Has anyone successfully created a visual server finder (like those present in many FPS's). I want players to be able to join the server across internet. It would need to search for servers and display them so that users could click and join.
Examples include the Halo or Swat 4 or CS servers.
I don't want to hear about cost or size or server limitations. I just want to know if anyone created one.
If you did, could you explain how. Thanks.
You don't actually "search" the internet for other players. When a user creates a session, you need to have that session store it's info in a database on YOUR own server. Then when a user searches for available sessions, they query the database for hosts (title of session + ping rate + etc). Then they select one, you get the info they need from it (IP address).
Posted By: khanoftruth
Re: Server search? - 02/26/07 05:44
I see. Did you create said visual database log? Or just theoretical (means I have to make it from scratch).
You have to make it...
Check out the MySQL thread in the user contributions... This will allow you to read/write to your database.
Posted By: Excessus
Re: Server search? - 02/26/07 14:59
I've made such a system for a client once.
What I did was create a few php scripts that fetch the list of servers (with an optional selection, like only deathmatch games), add a server to the list, remove a server from the list (note that you will also have to put in a timeout for servers that 'forget' to remove themselves from the list.
Then just run those scripts on a webserver with a database and call those webpages from c-script with the GSHTTP plugin (search for it).
If you go with the MySQL plugin, make sure you give the database user only the privileges it needs, because the MySQL plugin sends entire queries to the server. A hacker might send a query that corrupts your database. If you use the php approach, you can disallow TCP traffic for your database, so that only the queries that are created by your php script can be executed (still have to be carefull with SQL injection then!).
Posted By: Excessus
Re: Server search? - 03/04/07 12:27
I used MySQL. A flatfile system should work fine aswell (don't see any disadvantage unless the load becomes very high). I chose to go with MySQL because I knew SQL but not php at that time, so this seemed the easyest. I still think building SQL queries is easyer than "file fidling".
You should store the datetime in a column and remove those rows who where created more than x seconds/minutes ago, where x is either a static number or a setting that the client can be set within some range by the client. There are datetime compare functions in SQL databases, but for your flatfile system I would just use the system time and count seconds/minutes.

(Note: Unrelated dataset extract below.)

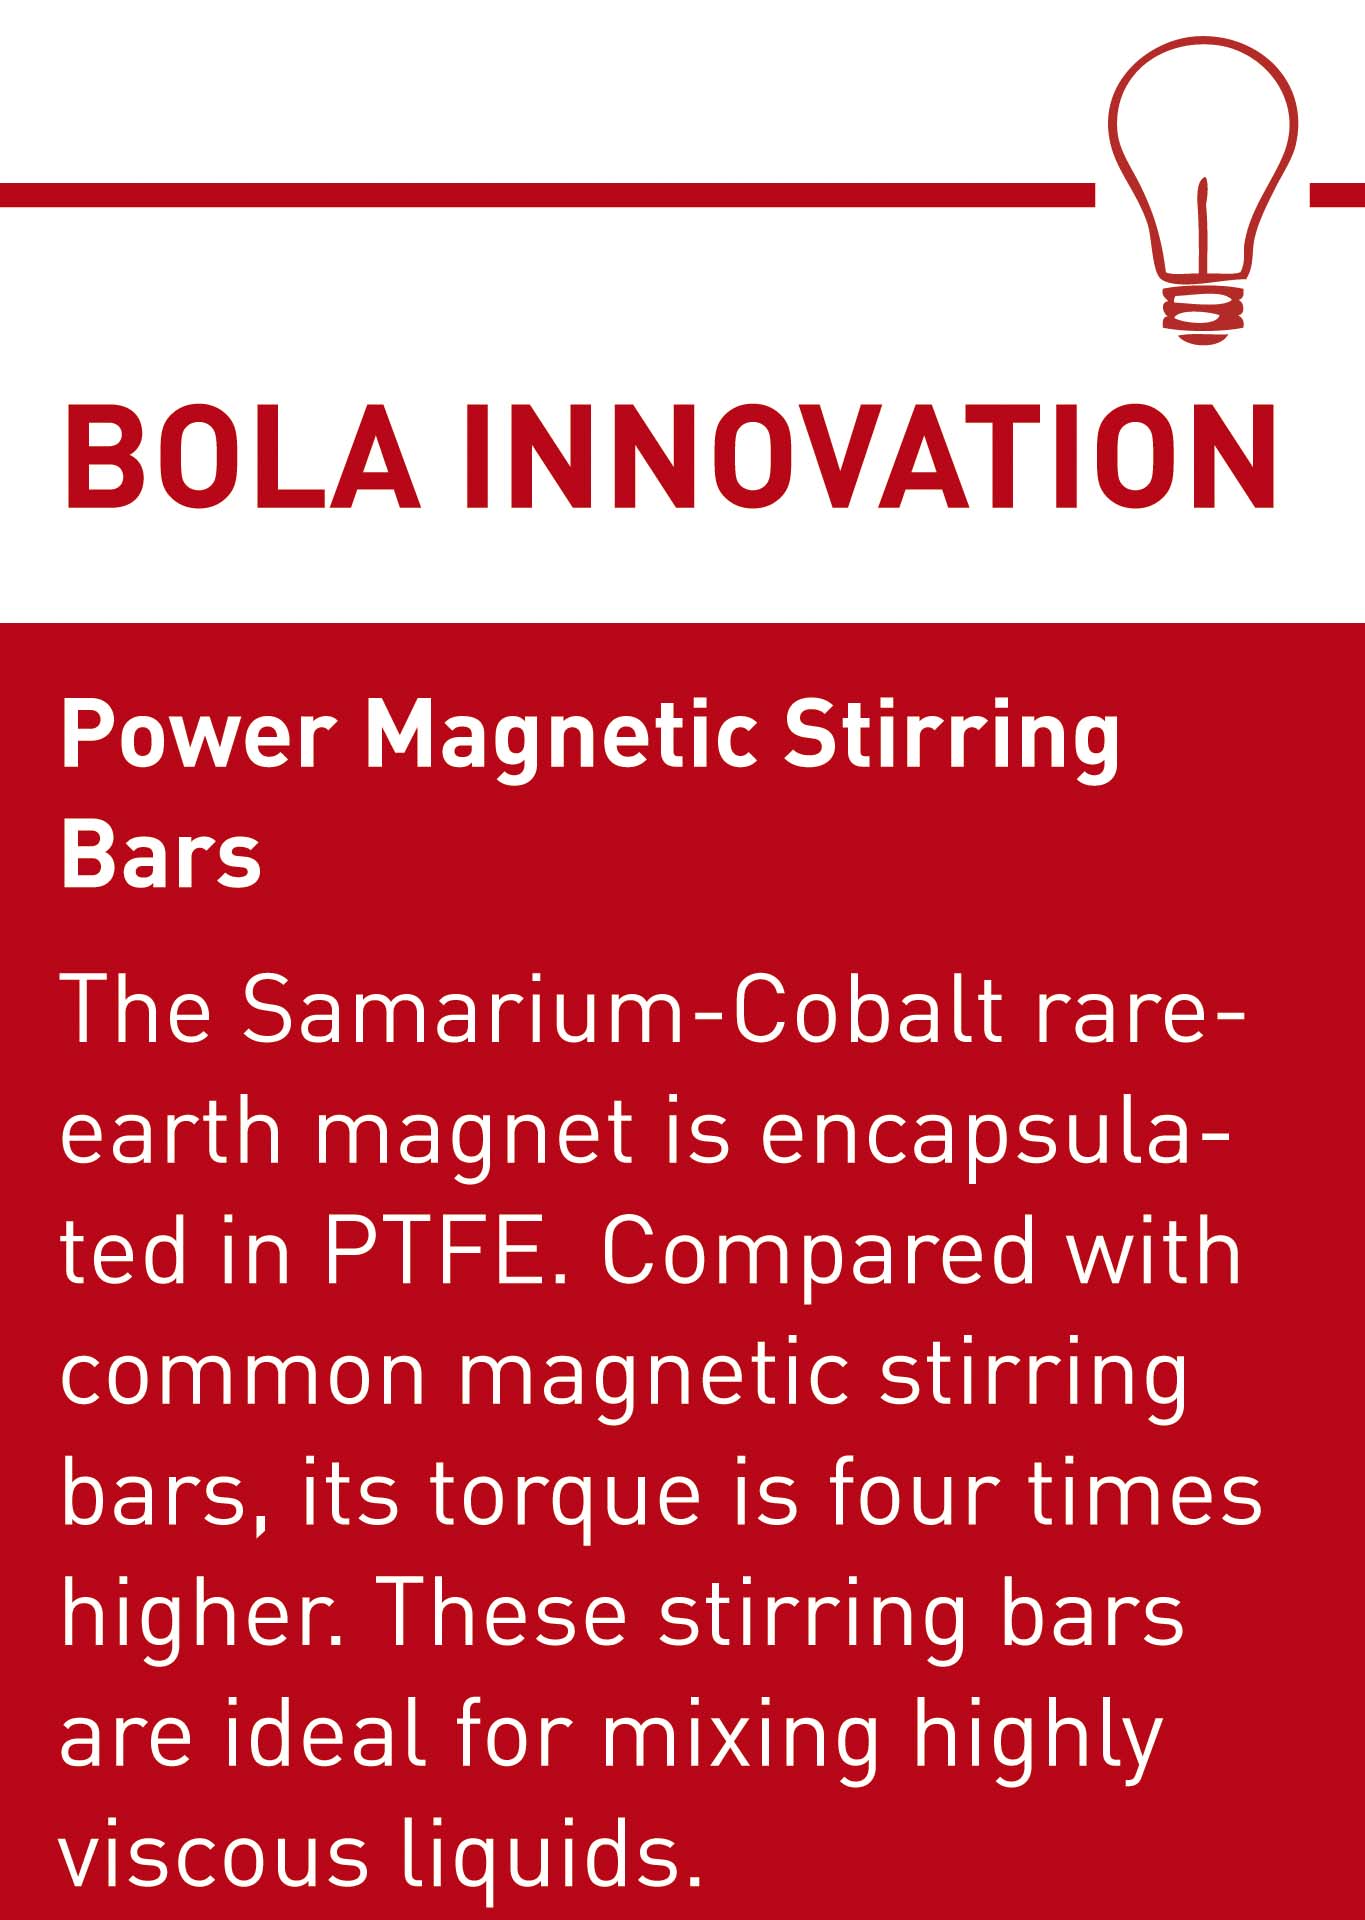 BOLA Innovation Power Magnet E.jpg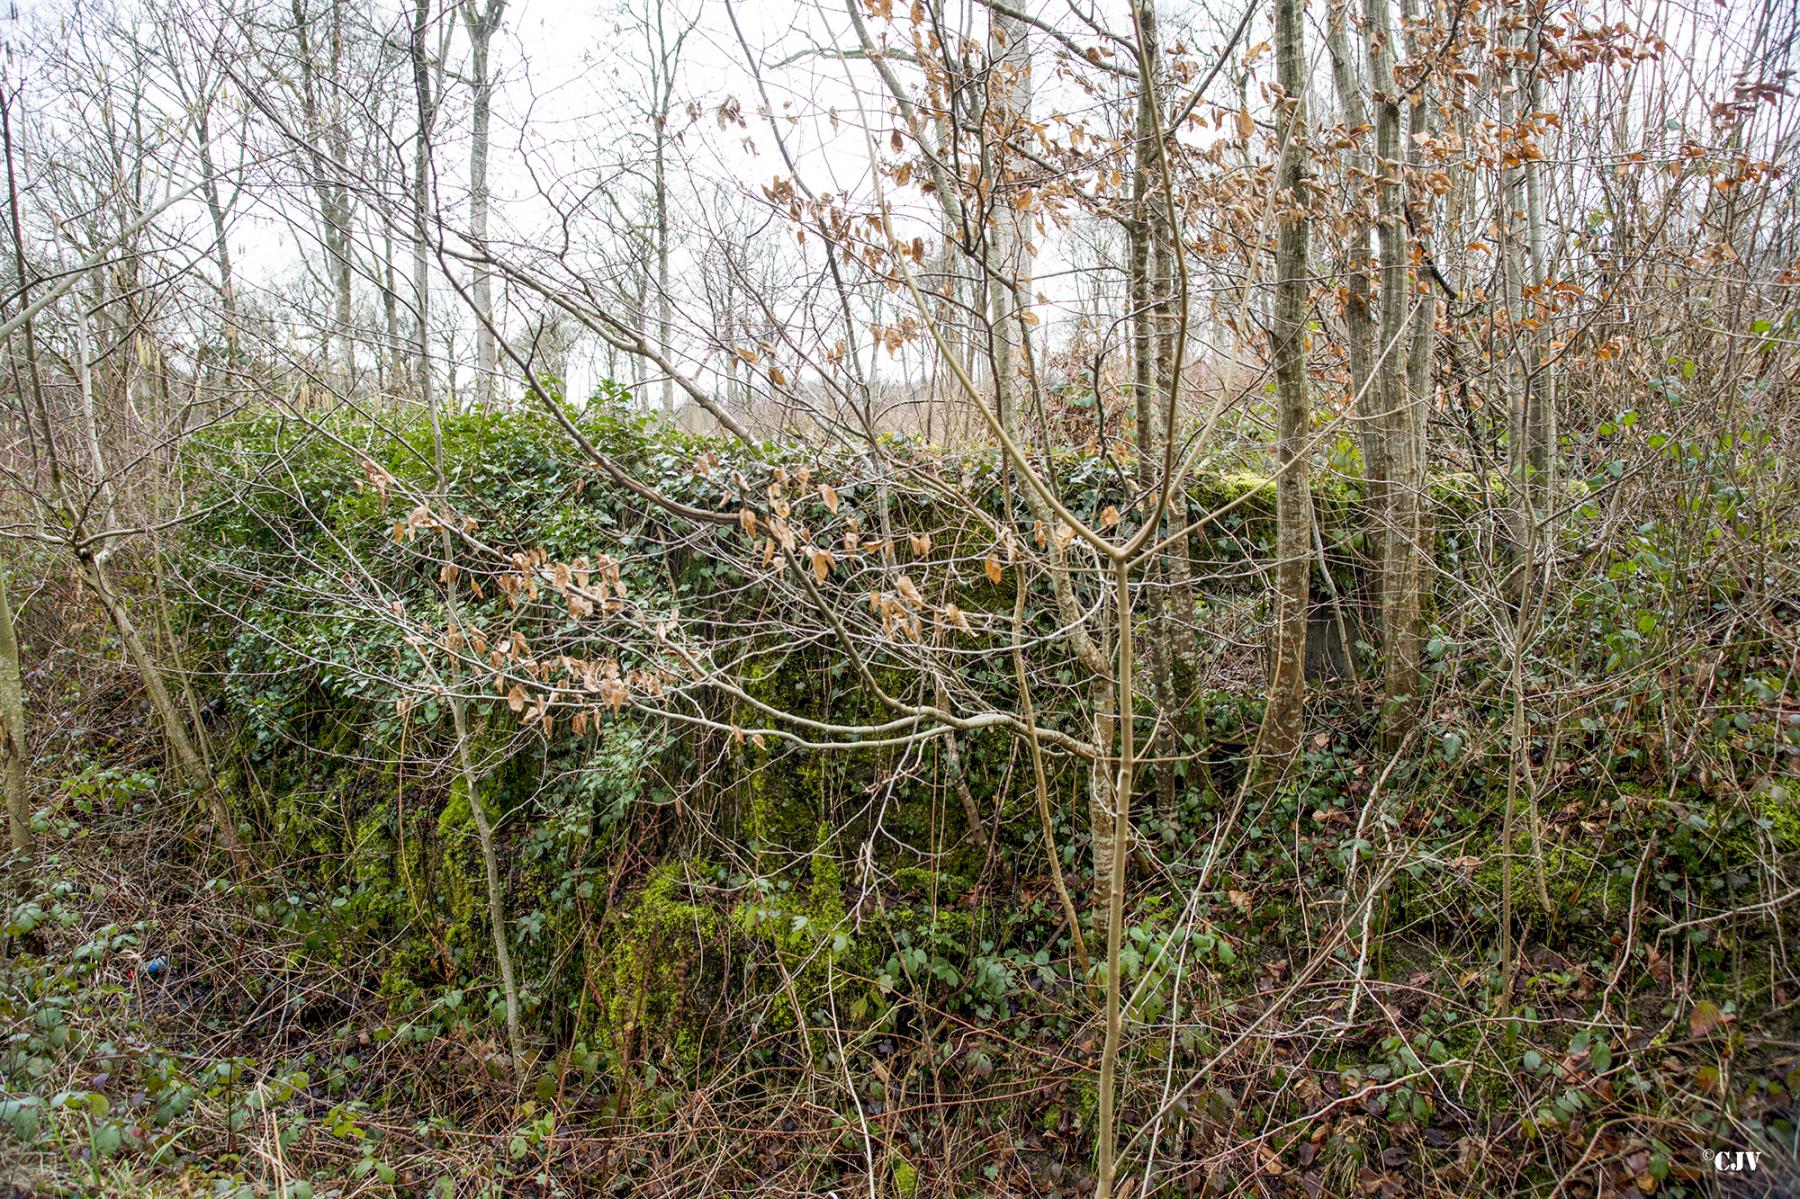 Ligne Maginot - B753 - LA SABLONNIERE - (Cuve pour arme d'infanterie) - Le bouclier est envahi par la végétation, on voit le créneau presque pas.

The problem is probably WHEN to do this removal. To always get an up to date list, you must remove all outdated rows before retrieval. In your case, you'll have to check all the rows and remove all outdated ones and then return the rest.
If you expect a very high load on this server, a more efficient but less accurate solution is to only remove rows once every x retrievals (use a counter). You can probably also remove outdated rows periodically, without client interaction but I don't know how.
To improve on this system, you could add a php file that removes a certain client at any given time and let the game server (not the central server) call this when it cancels the game. This does raise security concerns (anyone can use this php file, even from a browser, with any parameters) so you might want to add a random password that is decided by the game server when it joins.
You could also add a way to 'report' crashed/disconnected game servers. If you try to connect to a server from the list and it doesn't work, report that to the central server. The central server checks if it indeed can't connected and removes it if it really crashed/disconnected.
Good luck
Posted By: fastlane69
Re: Server search? - 03/04/07 16:34
I don't know php but we've been using MySql for close to a year and I have to say it is the way to go. The MySql plugin is great (has a small memory leak but nothing major), MySql is free, and it's actually easy to setup and use!
Not adding much to the discussion here except to say that if you can, take the time to play with MySql and use it instead of a flatfile system whenever you can... whatever time you spend learning it will pay off in droves in the future in terms of lowered development times and increased performance.